We remained in anxious anticipation, until my sister-in-law and I were told to prepare for our departure. We rushed to empty our bags and wear a lot of clothes, in an attempt to mitigate the pain of flogging. We had become psychologically and physically ready for it. There were two strange men in the corridor. The warden told us to go with them outside, where there were young men from our clan waiting for us.
After we were late in reaching Aleppo, my mother forced the family members who had arrived to return to Raqqa because she was sure we’d been arrested. They contacted our relatives in Deir al-Zor. We were released because we were women, and, for the first time, I felt gratitude towards the clan.
My brother was released two days later, after being tried and receiving 190 lashes; twice the number of other inmates. He was also flogged on behalf of myself and his wife. He could barely walk, and his skin was flayed from the lashes. They took all of the prisoners’ cash, leaving them with barely enough to get them back to their towns and villages.

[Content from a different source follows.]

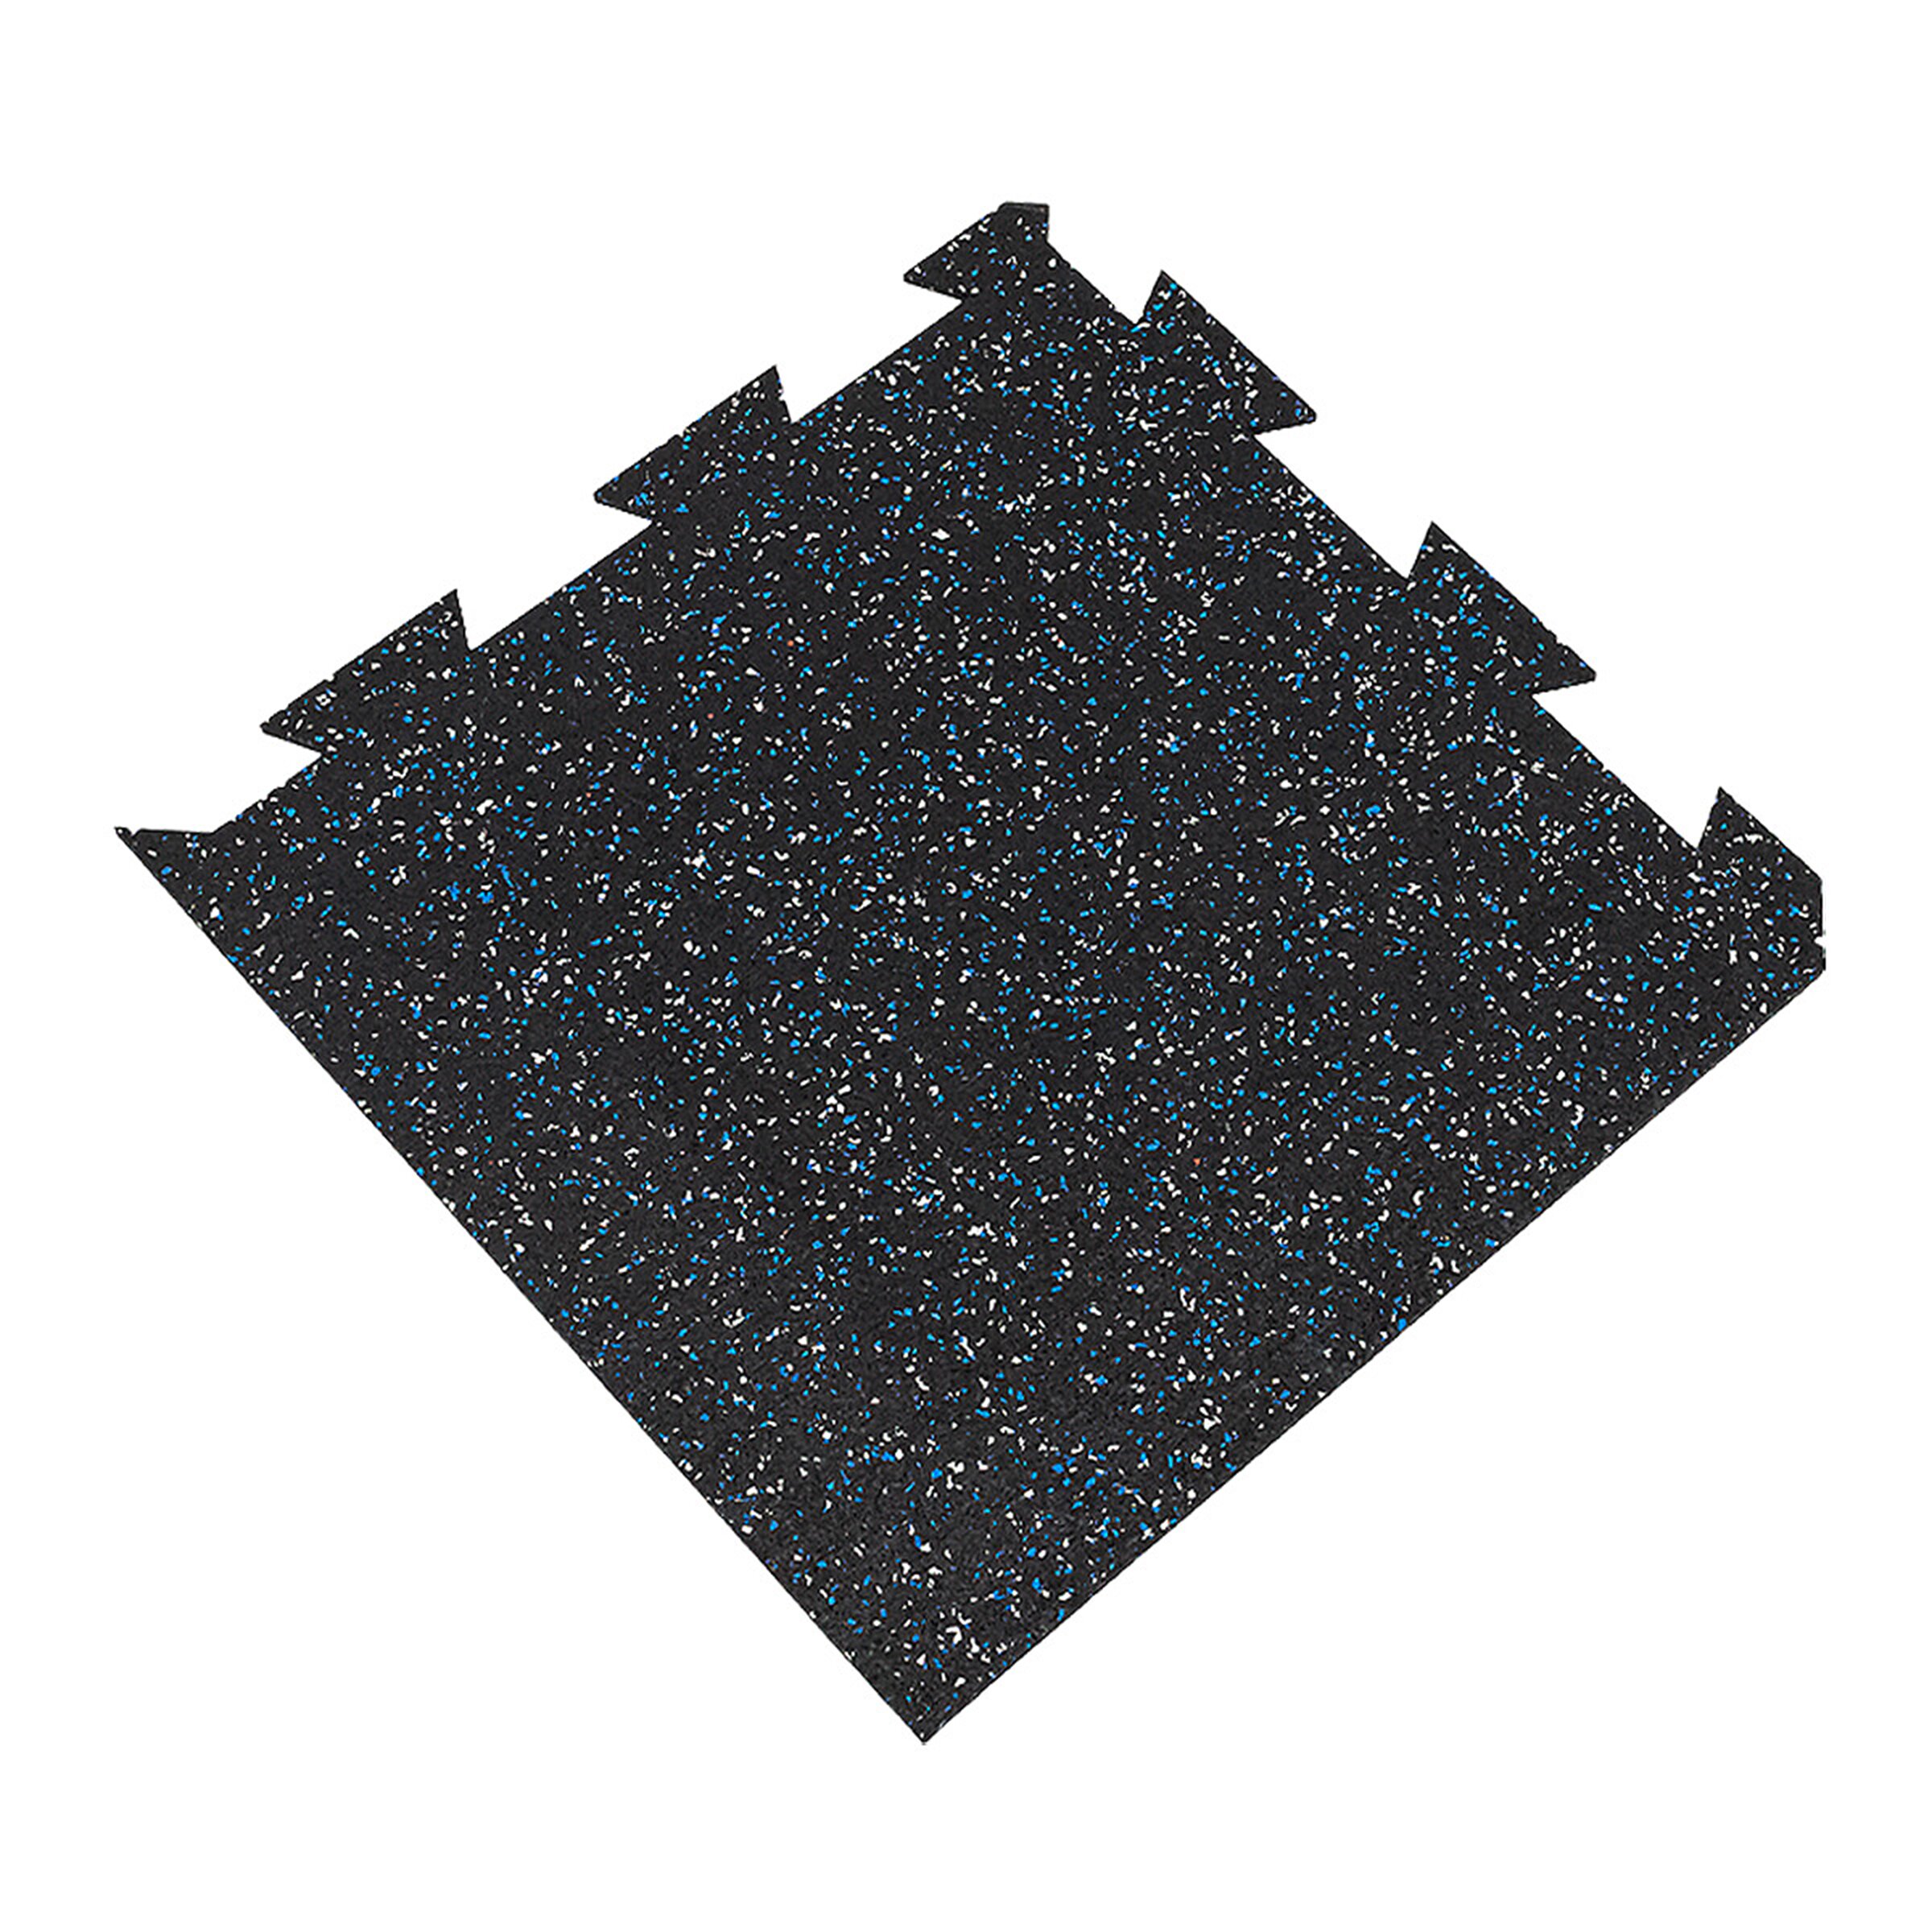 Černo-bílo-modrá podlahová guma FLOMA FitFlo SF1050 - délka 50 cm, šířka 50 cm, výška 1 cm

As for Fatima, about whom we felt guilt for leaving alone, my brother told us that her husband was contacted to take her and her son to the hospital after they suffered food poisoning. Fatima was breastfeeding and so hadn’t participated in our hunger strike; the only thing missing to complete her agony was food poisoning.
Our hunger strike turned into a chronic loss of appetite. We never felt hungry again; eating food was merely a survival mechanism now. We remained this way for months, until I became envious of Fatima because she was poisoned, and emptied all the toxicity and insults that infiltrated her soul in prison.
More than a year has passed since we left Syria, and we are still looking for Fatima and her son among the names of martyrs coming from Deir al-Zor. That little child, who took his first steps in prison, and survived the black poison of ISIS detention; did his little feet help him escape the massacres of the supposed “liberation,” and the Caliphate in Syria’s disaster-stricken east?